• Supplied data
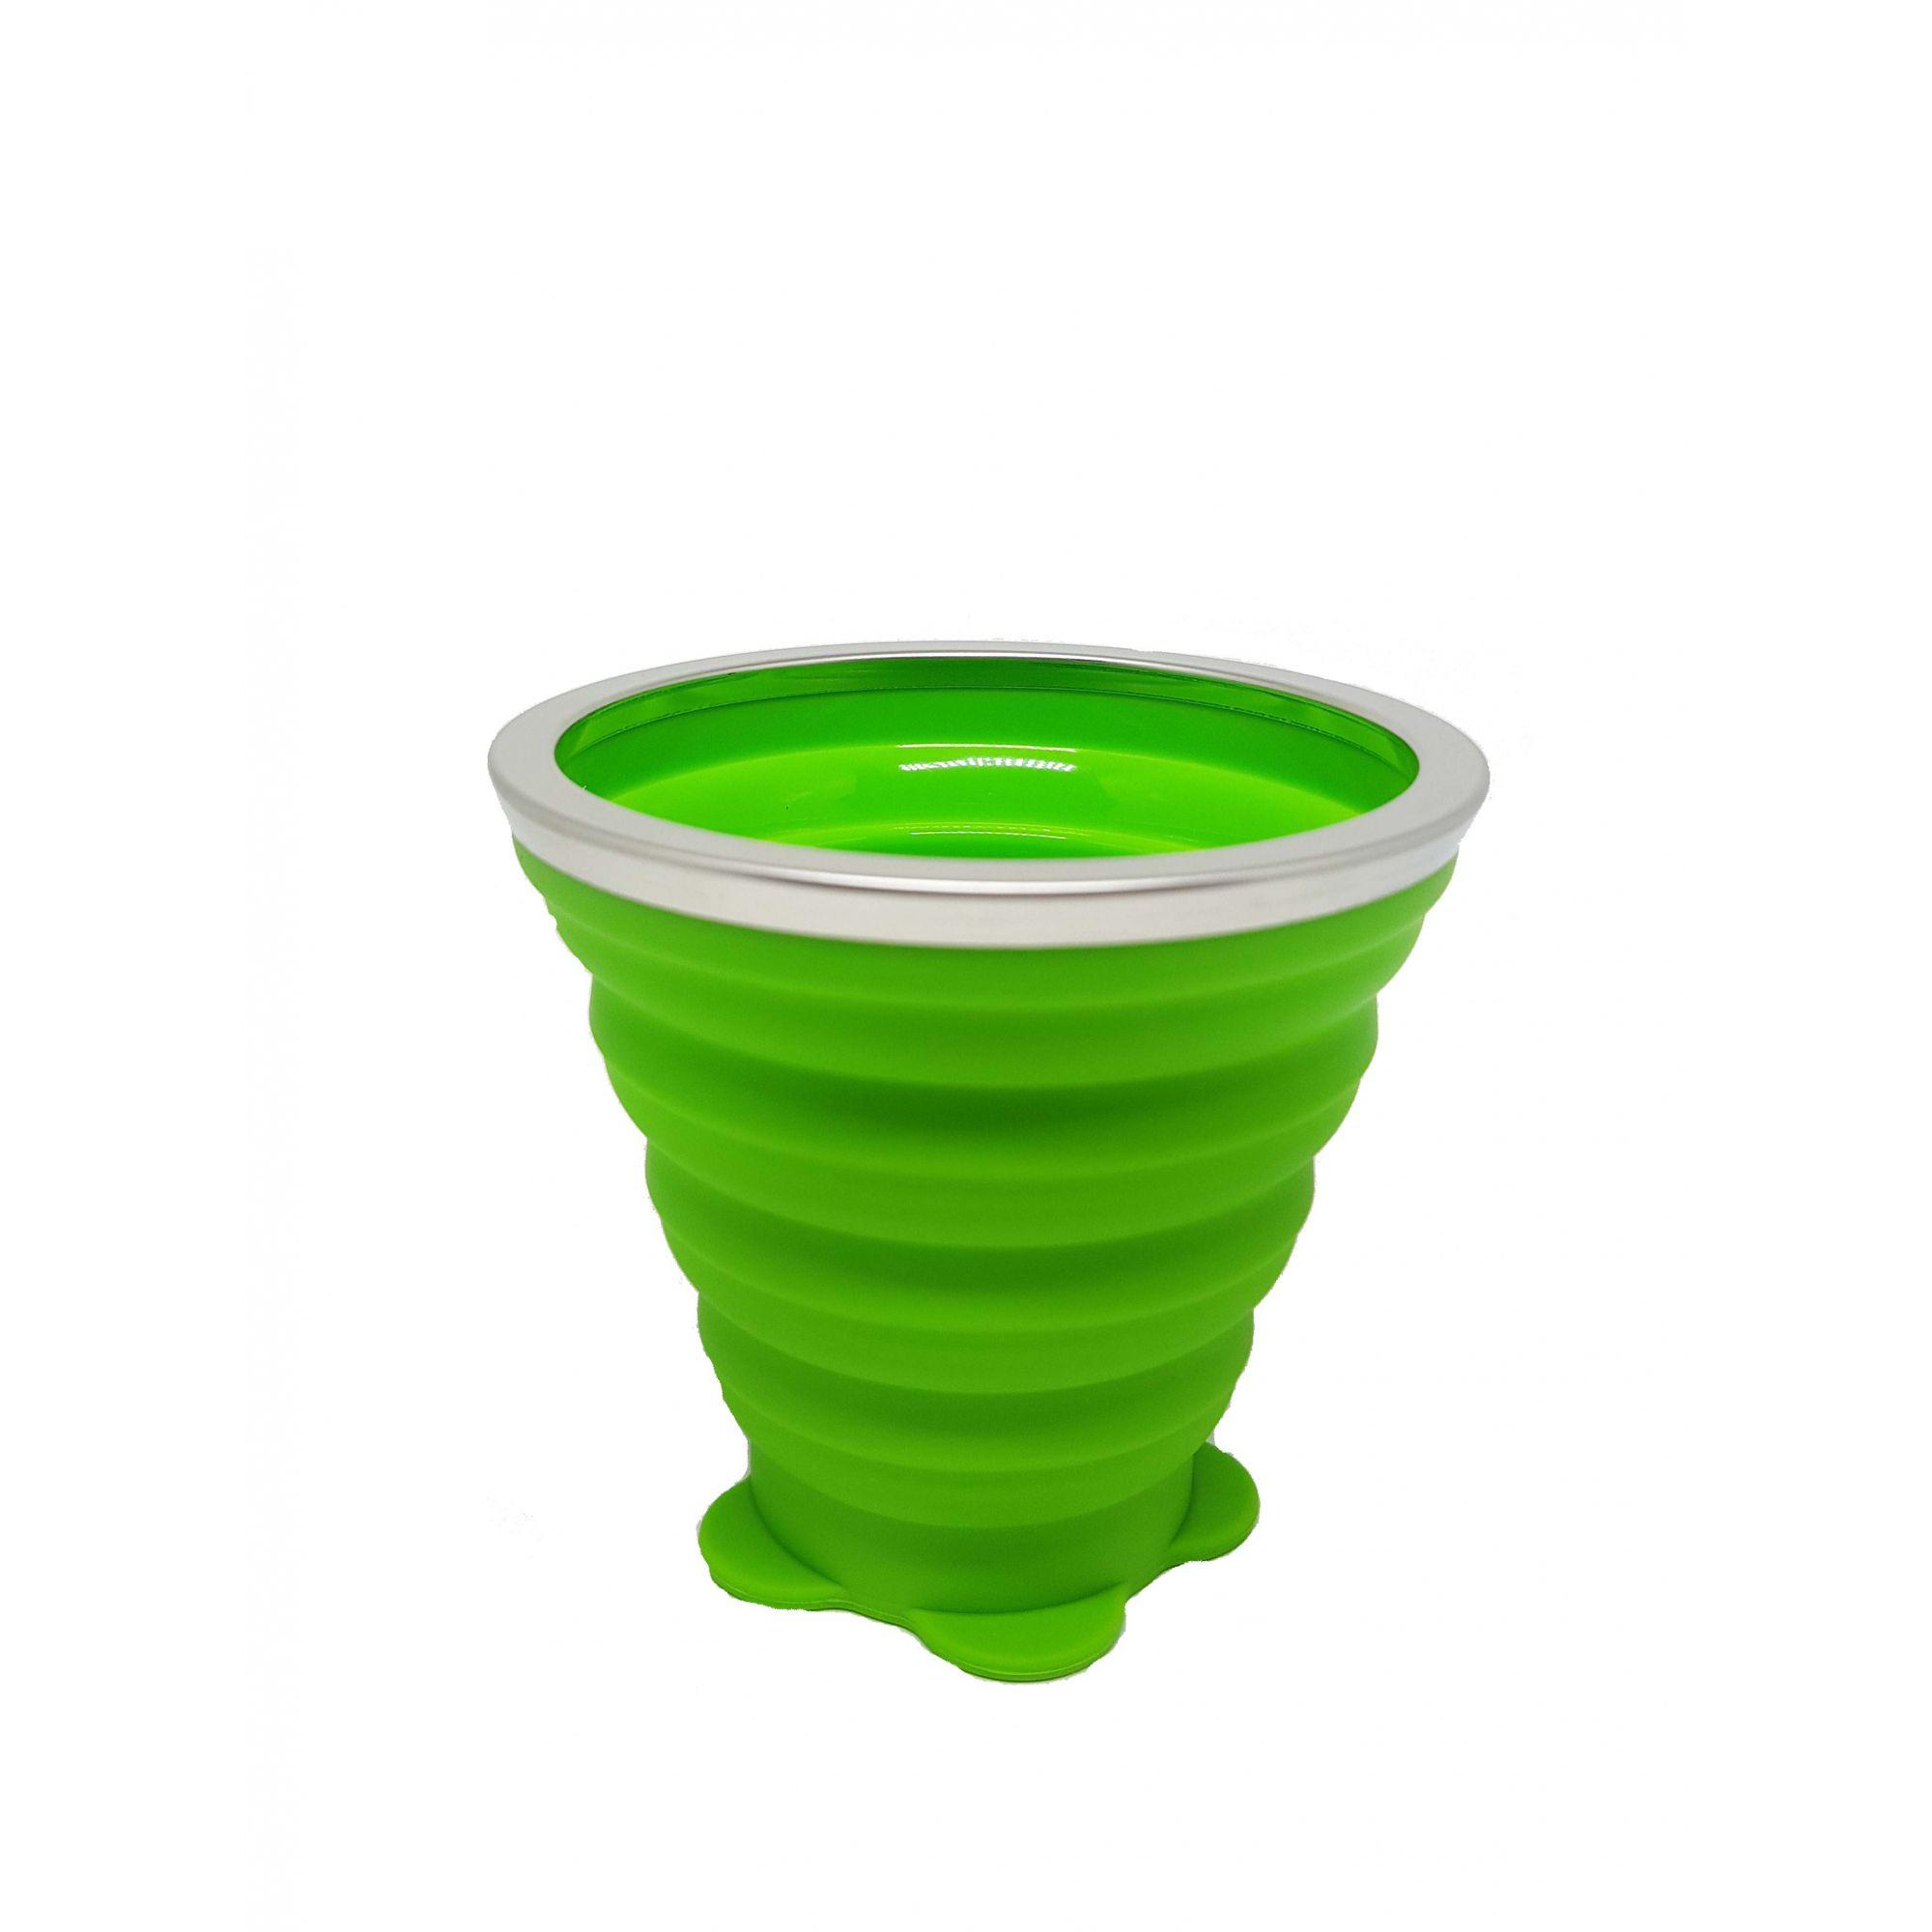 Copo de Silicone Retrátil - 260ml Verde
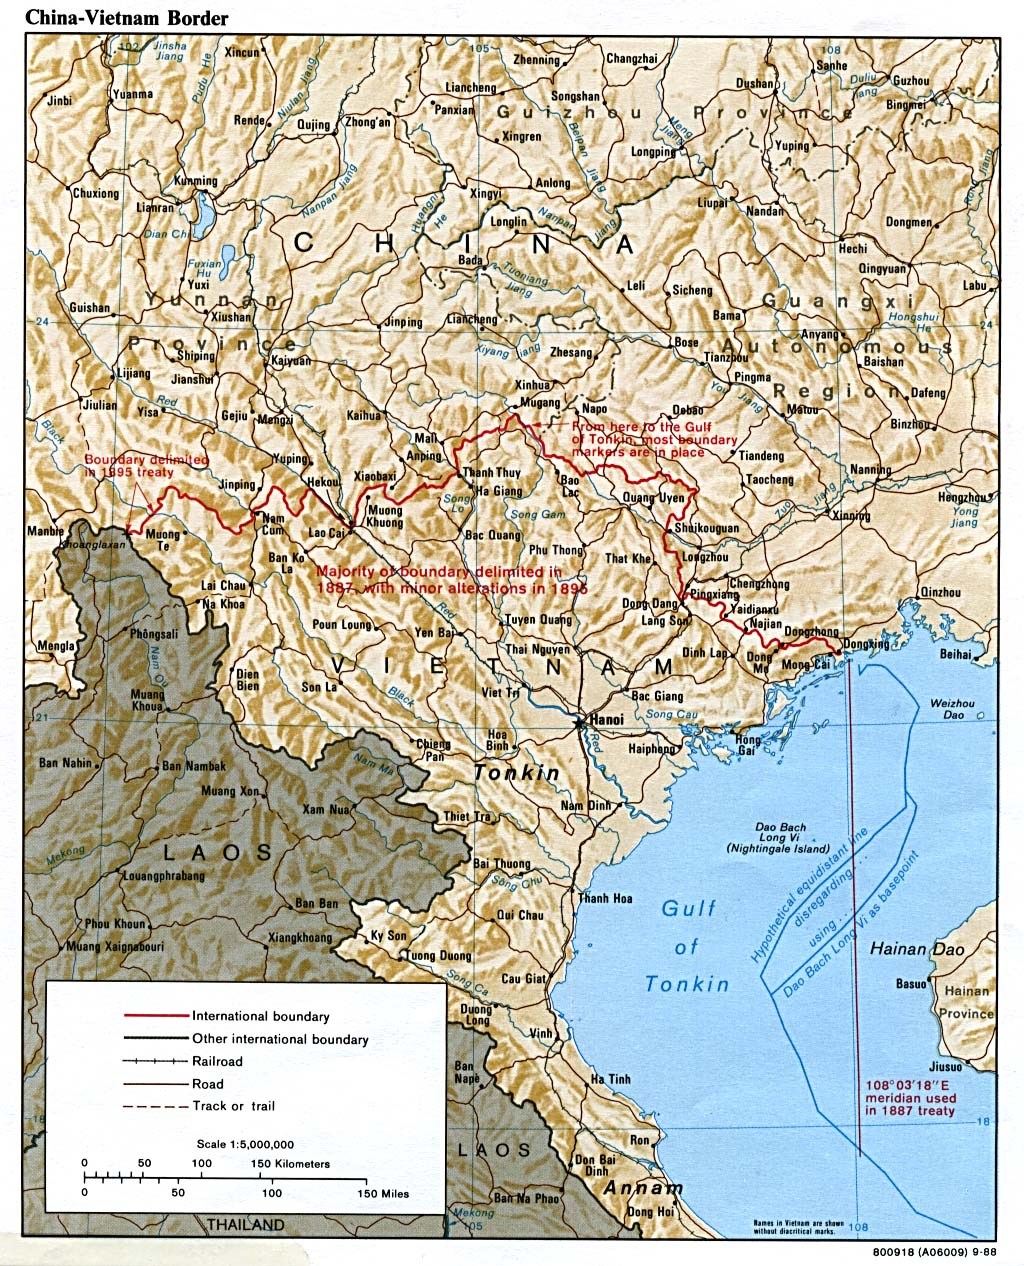 Mapa de la Frontera China - Vietnam
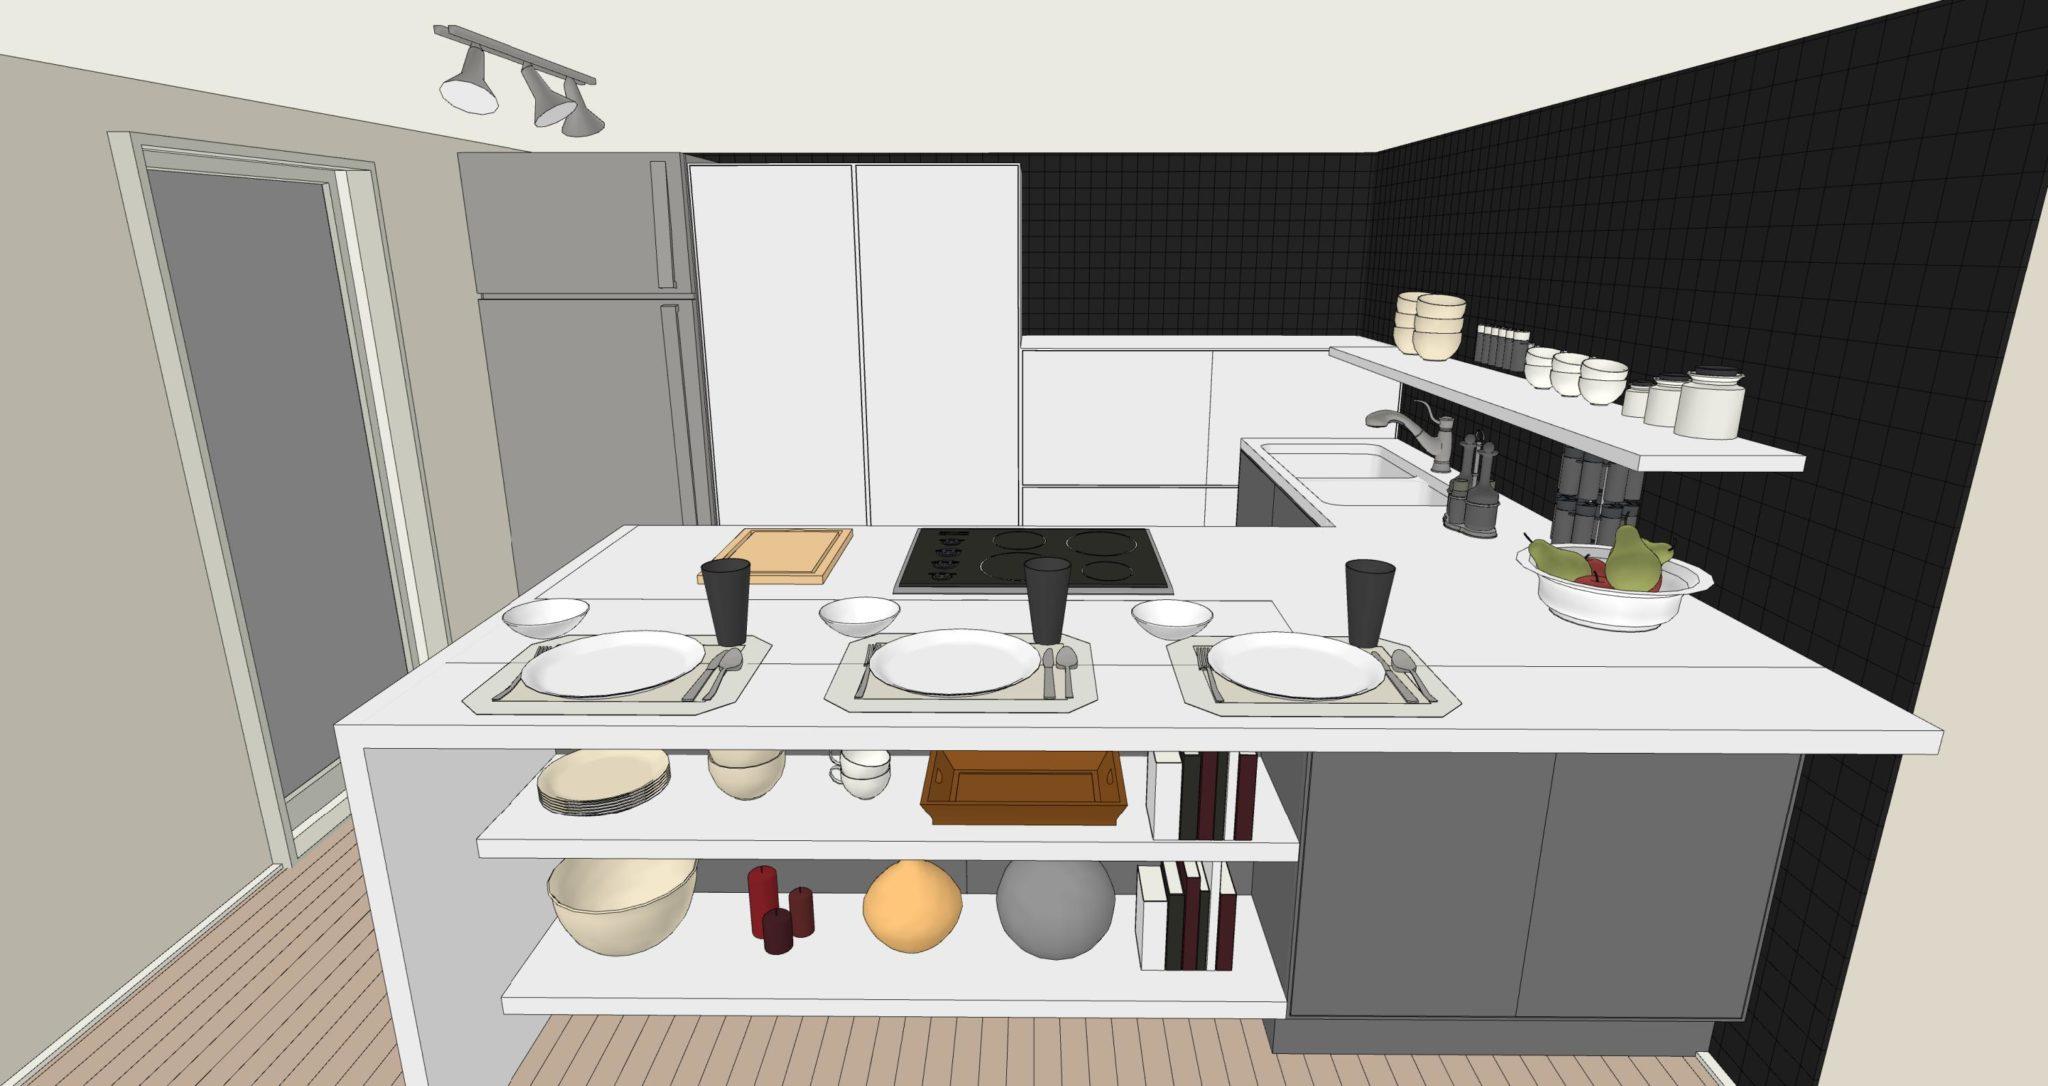 Cucina archivi michele de biase - Profondita pensili cucina ...
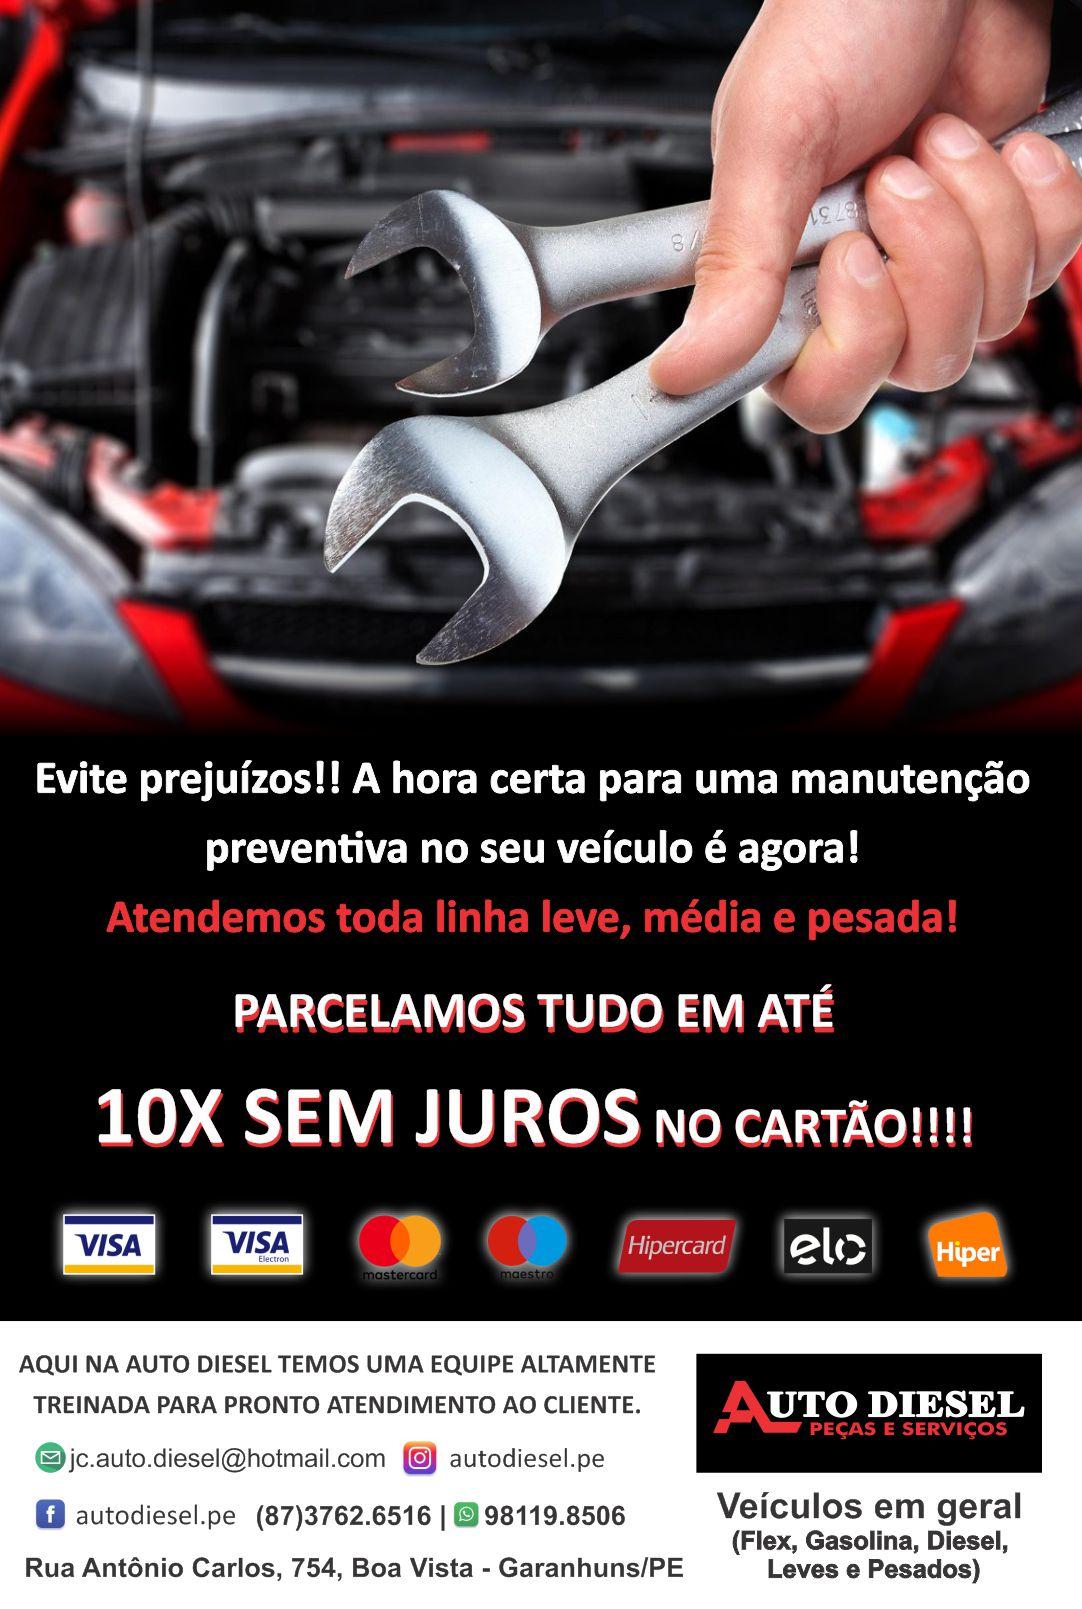 AUTO-DIESEL PEÇAS E SERVIÇOS

• What to do
Retype the data above exactly. Leave the pictures out.

• Task result
 Copo de Silicone Retrátil - 260ml Verde
 Mapa de la Frontera China - Vietnam
 Cucina archivi michele de biase - Profondita pensili cucina ...
 AUTO-DIESEL PEÇAS E SERVIÇOS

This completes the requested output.